Data shown:
════════════════

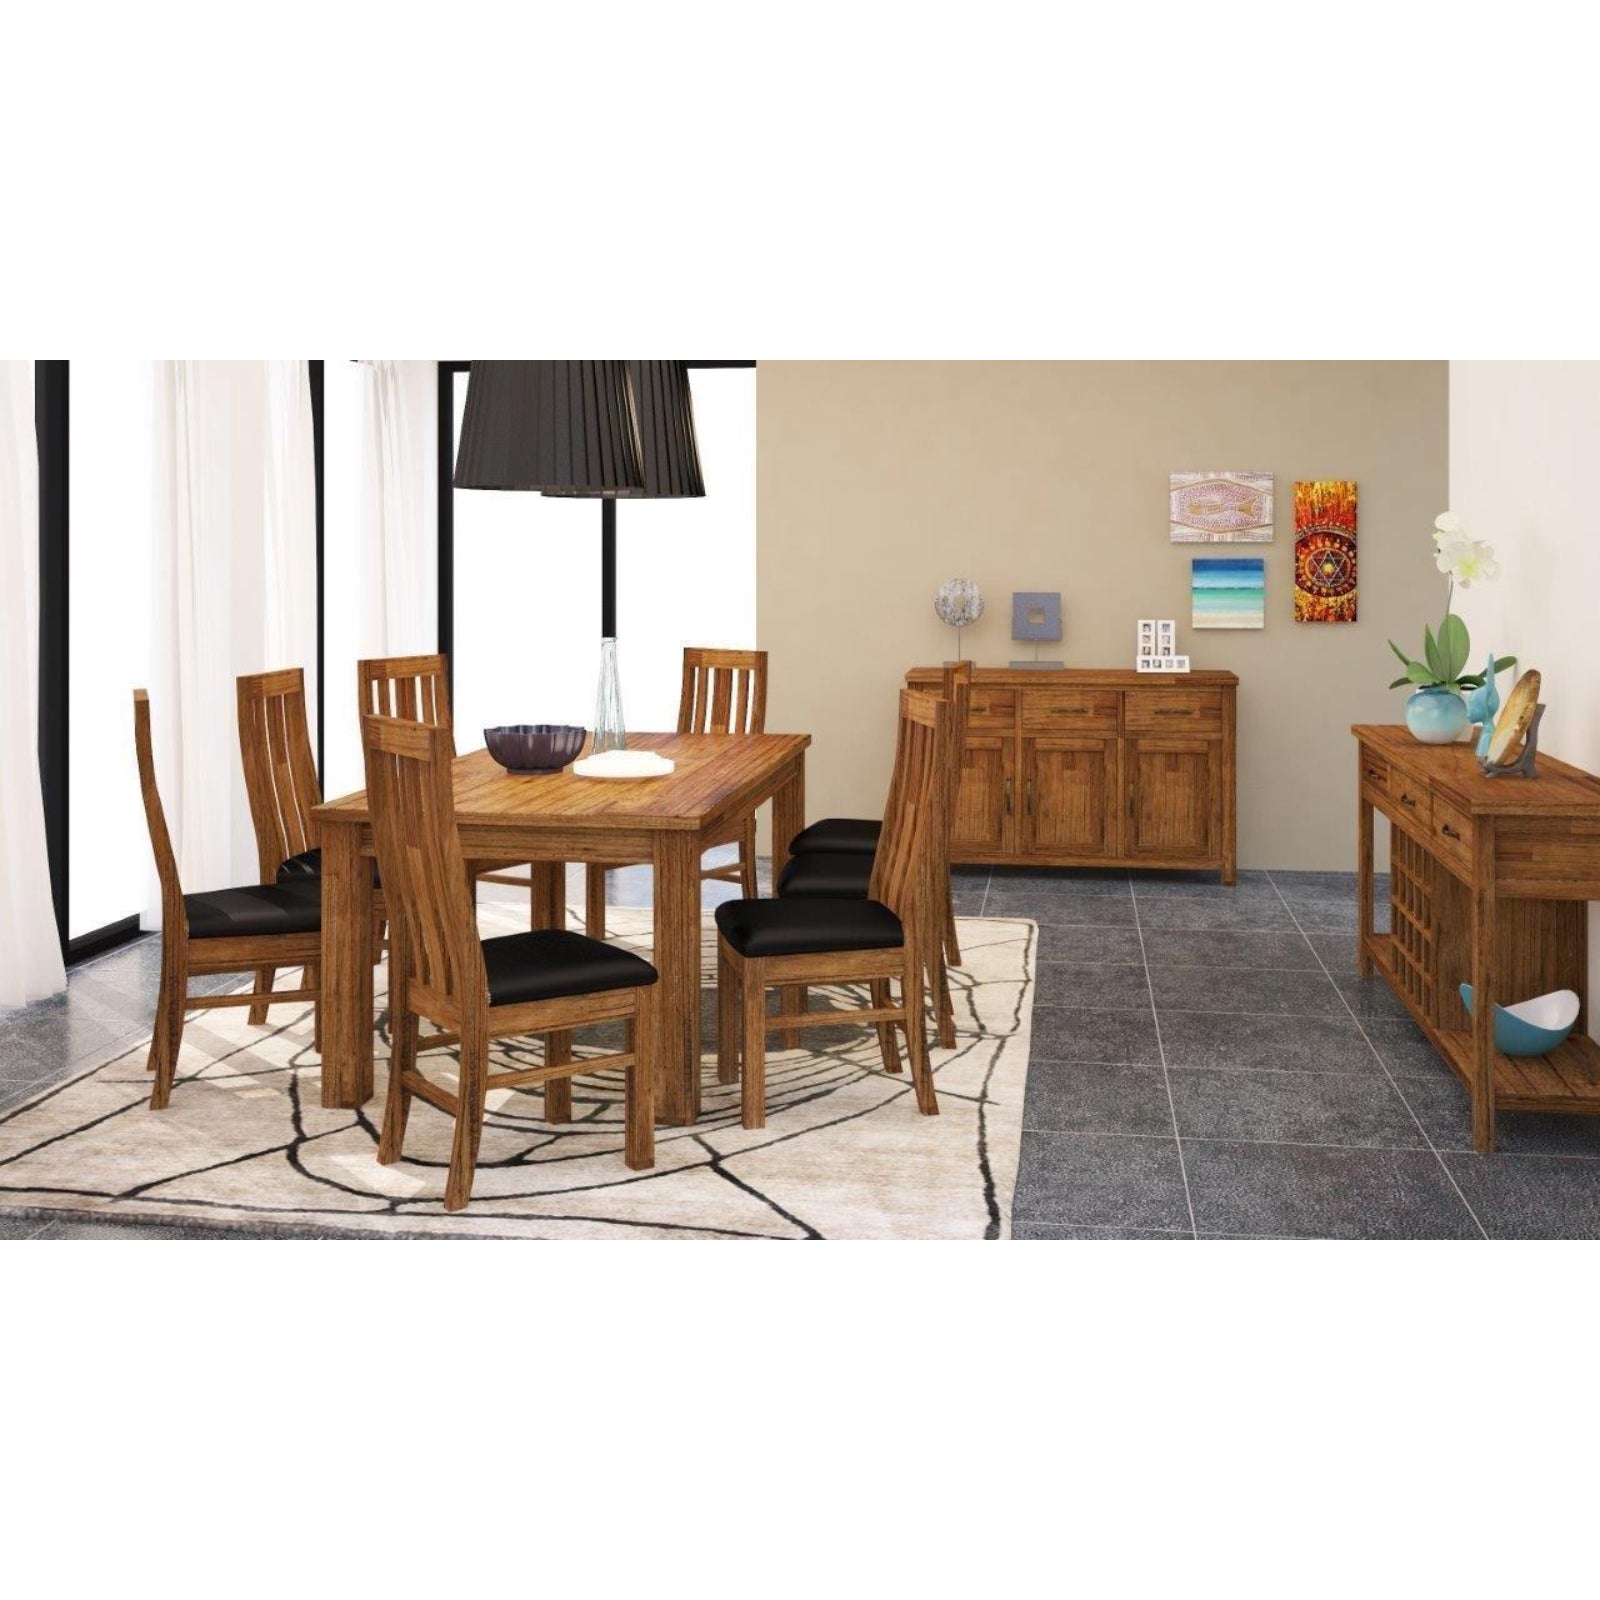 7Pc Dining Set 190Cm Table 6 Pu Seat Chair Solid Mt Ash Wood - Brown
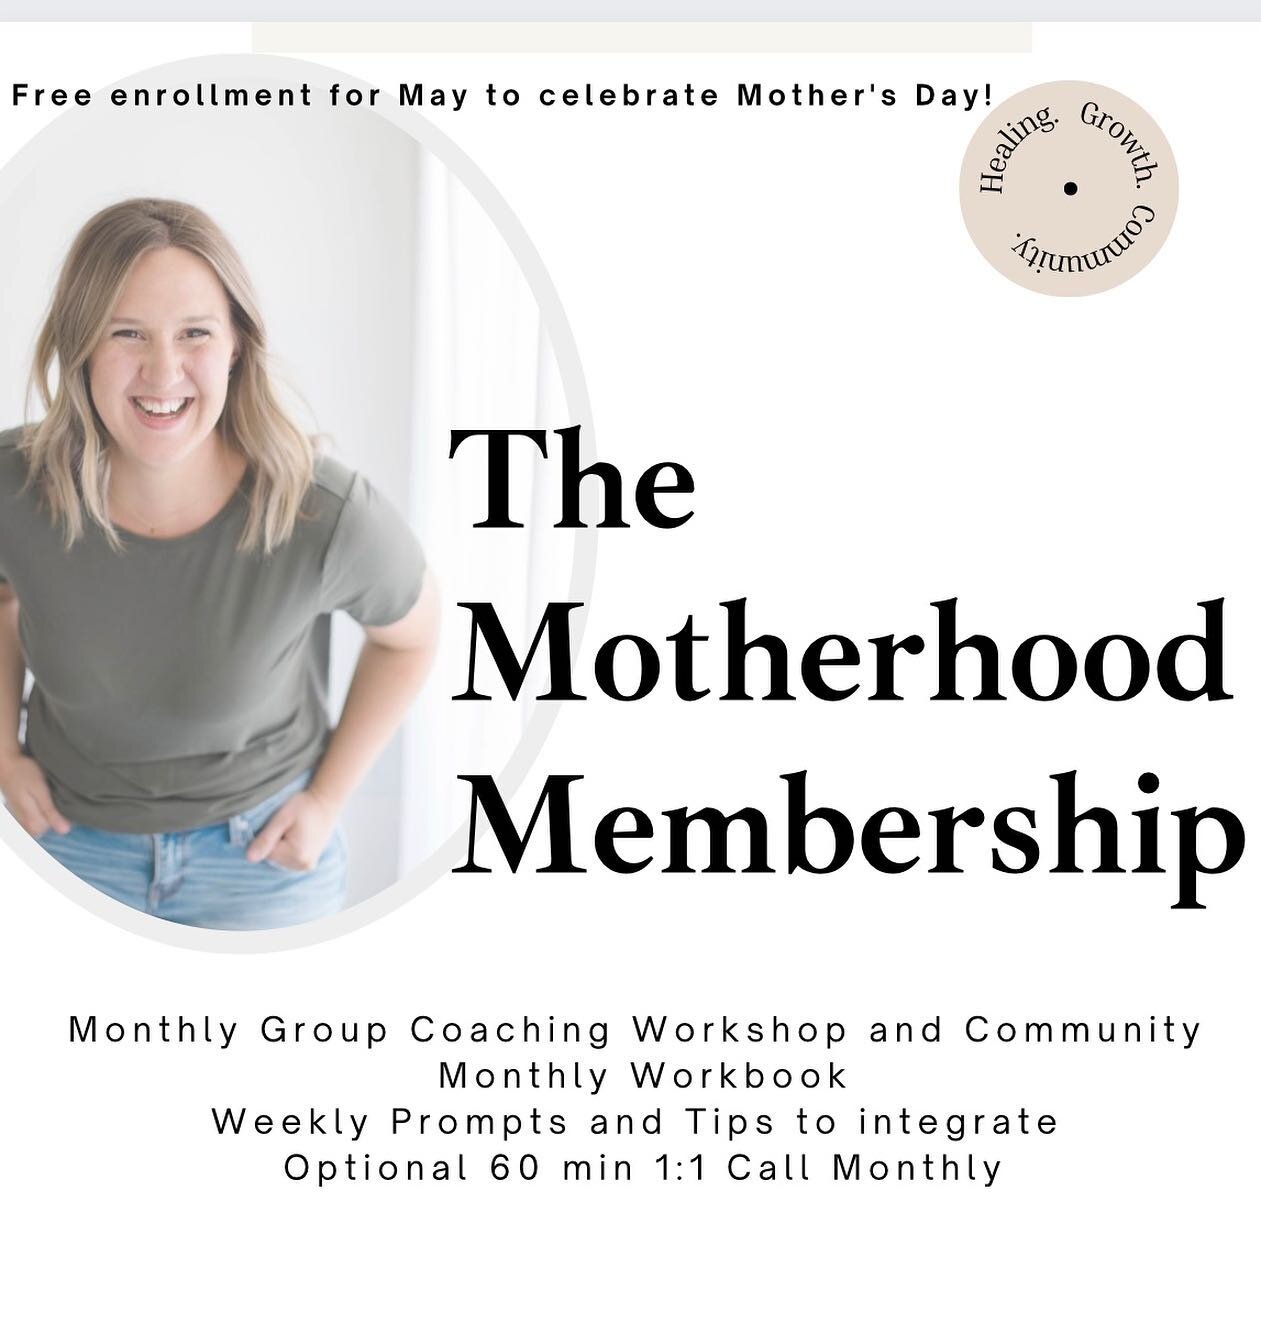 I&rsquo;ve yet to meet a mom who doesn&rsquo;t want to feel more present, connected, and gratitude with her kids. 

I&rsquo;ve met a LOT of moms who don&rsquo;t know HOW to have that. A lot of moms struggling so much with the overwhelm, stress, anxio

════════════════

Work request: Exactly repeat every line from the line that includes "I&rsquo;ve yet to" to the end of the listing, and nothing else, leaving pictures out.

Response to the exercise:
 I&rsquo;ve yet to meet a mom who doesn&rsquo;t want to feel more present, connected, and gratitude with her kids. 

I&rsquo;ve met a LOT of moms who don&rsquo;t know HOW to have that. A lot of moms struggling so much with the overwhelm, stress, anxio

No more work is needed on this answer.